To finish up, we should catch it up with the origin
:
> git checkout master
Switched to branch 'master'
Your branch is up to date with 'origin/master'.
> git pull
remote: Enumerating objects: 5, done.
remote: Counting objects: 100% (5/5), done.
remote: Compressing objects: 100% (1/1), done.
Unpacking objects: 100% (3/3), done.
remote: Total 3 (delta 2), reused 2 (delta 2), pack-reused 0
From github.com:kgolyaev/work_with_remotes
cb3f71d..2d88747 master -> origin/master
Updating cb3f71d..2d88747
Fast-forward
GitExampleMain.R | 2 +-
1 file changed, 1 insertion(+), 1 deletion(-)
And to keep track, here are the last three commits:
> git log -n 3 --all
commit 2d887472481fb8745ad34de8adeaef3e00c11a97 (HEAD -> master, origin/master)
Author: Konstantin Golyaev <konstantin.golyaev@gmail.com>
Date: Sun Oct 18 23:23:05 2020 -0700
refactored: replaced print() with cat() (#1)
commit 71b4e1aa8557a53b0f76236039b6a85c2c43afd5 (origin/kghome/print_to_cat, kghome/print_to_cat)
Merge: 08c4d08 cb3f71d
Author: Konstantin at Home <konstantin.golyaev@gmail.com>
Date: Sun Oct 18 22:30:53 2020 -0700
Catching up feature branch work with master
commit cb3f71dfd677754a8284f1a7f613c188647d2f9e
Author: Konstantin at Work <konstantin.golyaev@microsoft.com>
Date: Sun Oct 18 22:09:34 2020 -0700
changed default argument values to x=3 and y=4
Notice that the latest commit is done by “Konstantin Golyaev” and not “Konstantin at Home”. This is because we did it with my GitHub username via the GitHub online interface.

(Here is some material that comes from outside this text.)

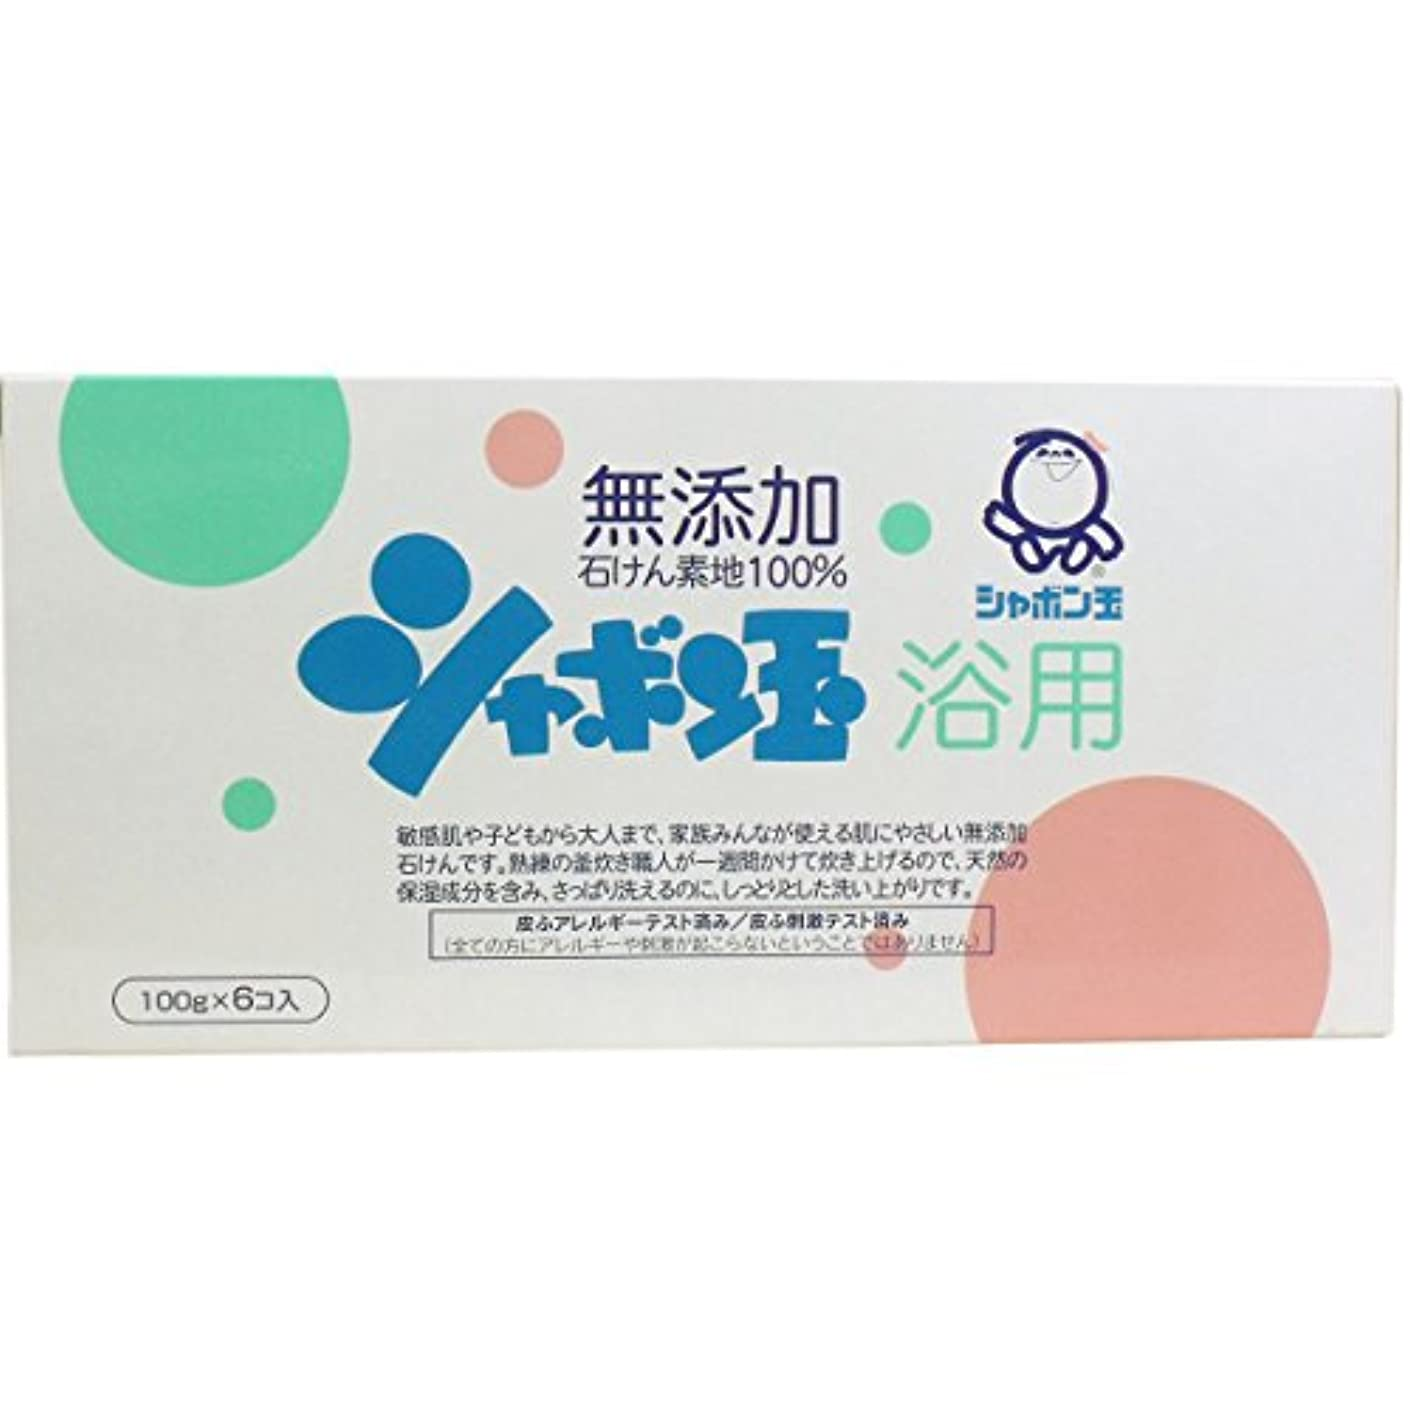 回路アームストロングホステス【セット品】化粧石けんシャボン玉浴用 6P 100G×3セット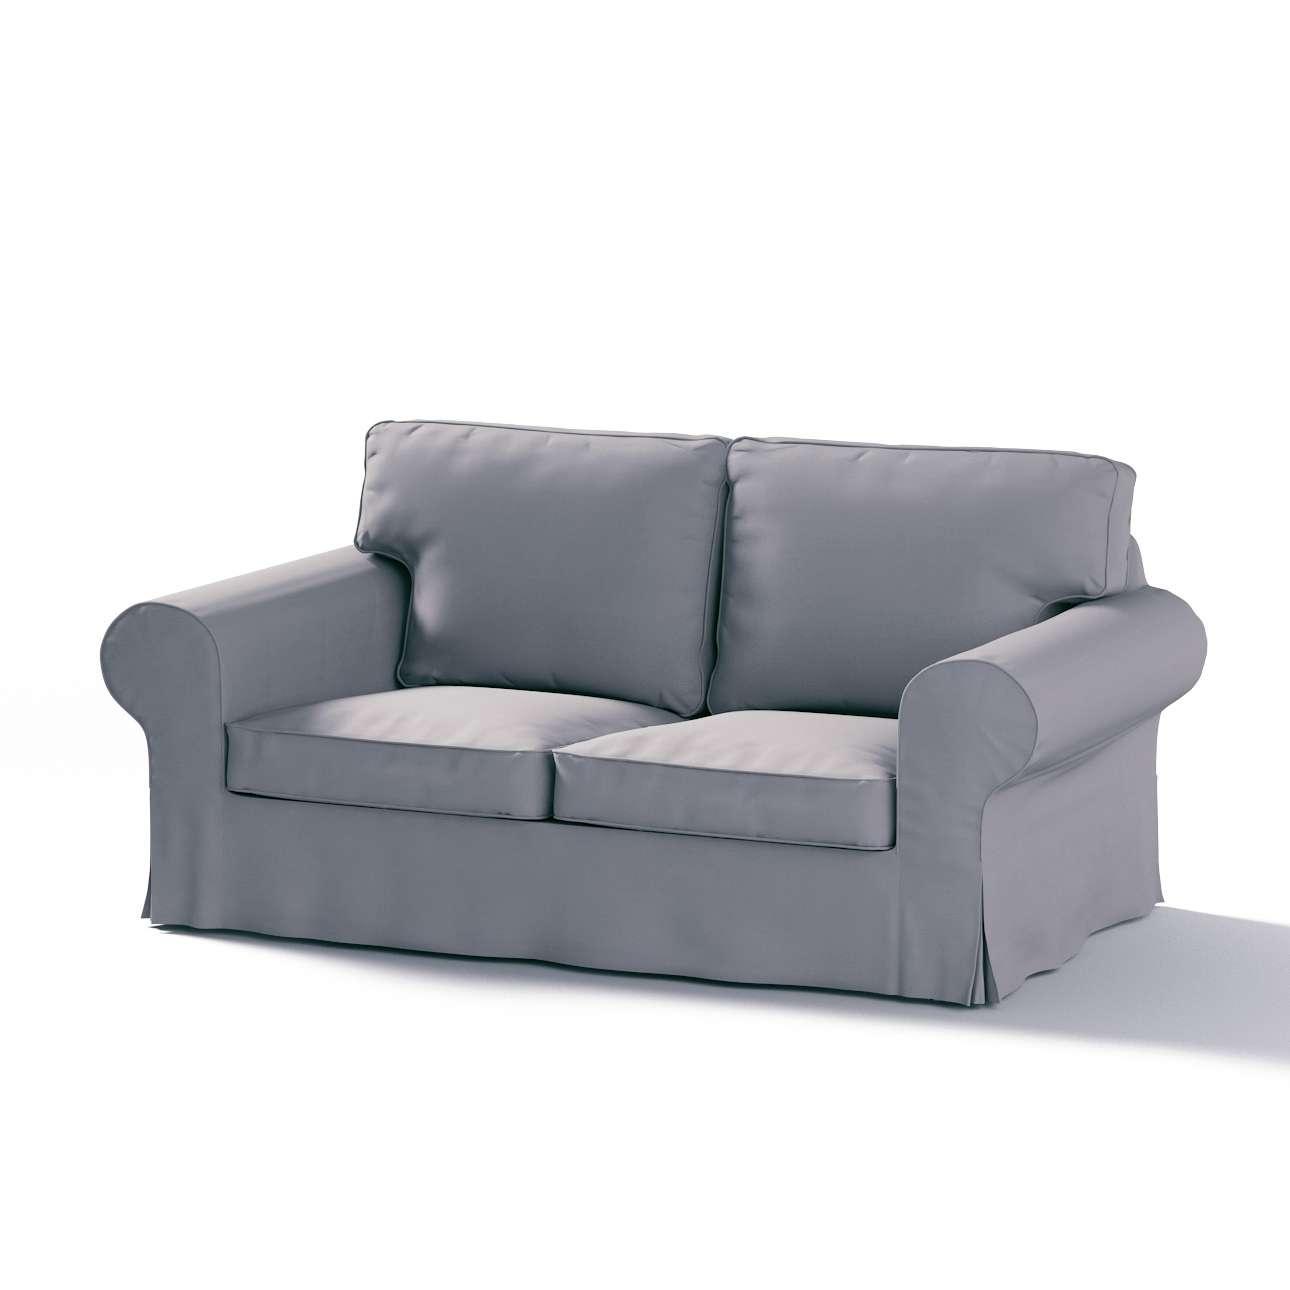 Pokrowiec na sofę Ektorp 2-osobową rozkładaną, model po 2012 w kolekcji Cotton Panama, tkanina: 702-07

And this is how the last two commits would look for our collaborator, “Konstantin at Work”:
> git log -n 2
commit 2d887472481fb8745ad34de8adeaef3e00c11a97 (HEAD -> master, origin/master, origin/HEAD)
Author: Konstantin Golyaev <konstantin.golyaev@gmail.com>
Date: Sun Oct 18 23:23:05 2020 -0700
refactored: replaced print() with cat() (#1)
commit cb3f71dfd677754a8284f1a7f613c188647d2f9e
Author: Konstantin at Work <konstantin.golyaev@microsoft.com>
Date: Sun Oct 18 22:09:34 2020 -0700
changed default argument values to x=3 and y=4
Notice that “Konstantin at Work” never sees the kghome/print_to_cat
branch
in his commit history, because he never created one.
Step 10: Delete Local Feature Branch
The final cleanup step is to delete the local feature branch, which no longer serves any purpose. This can be hard to undo, so we will make sure we are deleting the right branch:
> git fetch -p
From github.com:kgolyaev/work_with_remotes
- [deleted] (none) -> origin/kghome/print_to_cat
> git branch -v | grep "\[gone\]"
kghome/print_to_cat 71b4e1a [gone] Catching up feature branch work with master
The first command git fetch -p
tells git to prune branches that are no longer
on the remote repository.
Because we deleted the feature branch on the central repository in Step 8,
this will identify the branch kghome/print_to_cat
.
The second line does a double-check, it will search for branches that have
[gone]
in their last commit, which is added by the pruning step.
Now we are sure that kghome/print_to_cat
can be deleted:
> git branch -D kghome/print_to_cat
Deleted branch kghome/print_to_cat (was 71b4e1a).
And with this, we are finally done!
Conclusion
The above process may seem needlessly convoluted, and it can indeed be, particularly in a situation where you collaborate on the codebase but rarely touch the same files as your peers. But if you and at least one other person are editing the same file concurrently, following the above process can save you a lot of headaches when you and your partner make conflicting changes to the same file and try to keep both your features working at the same time. Happy coding!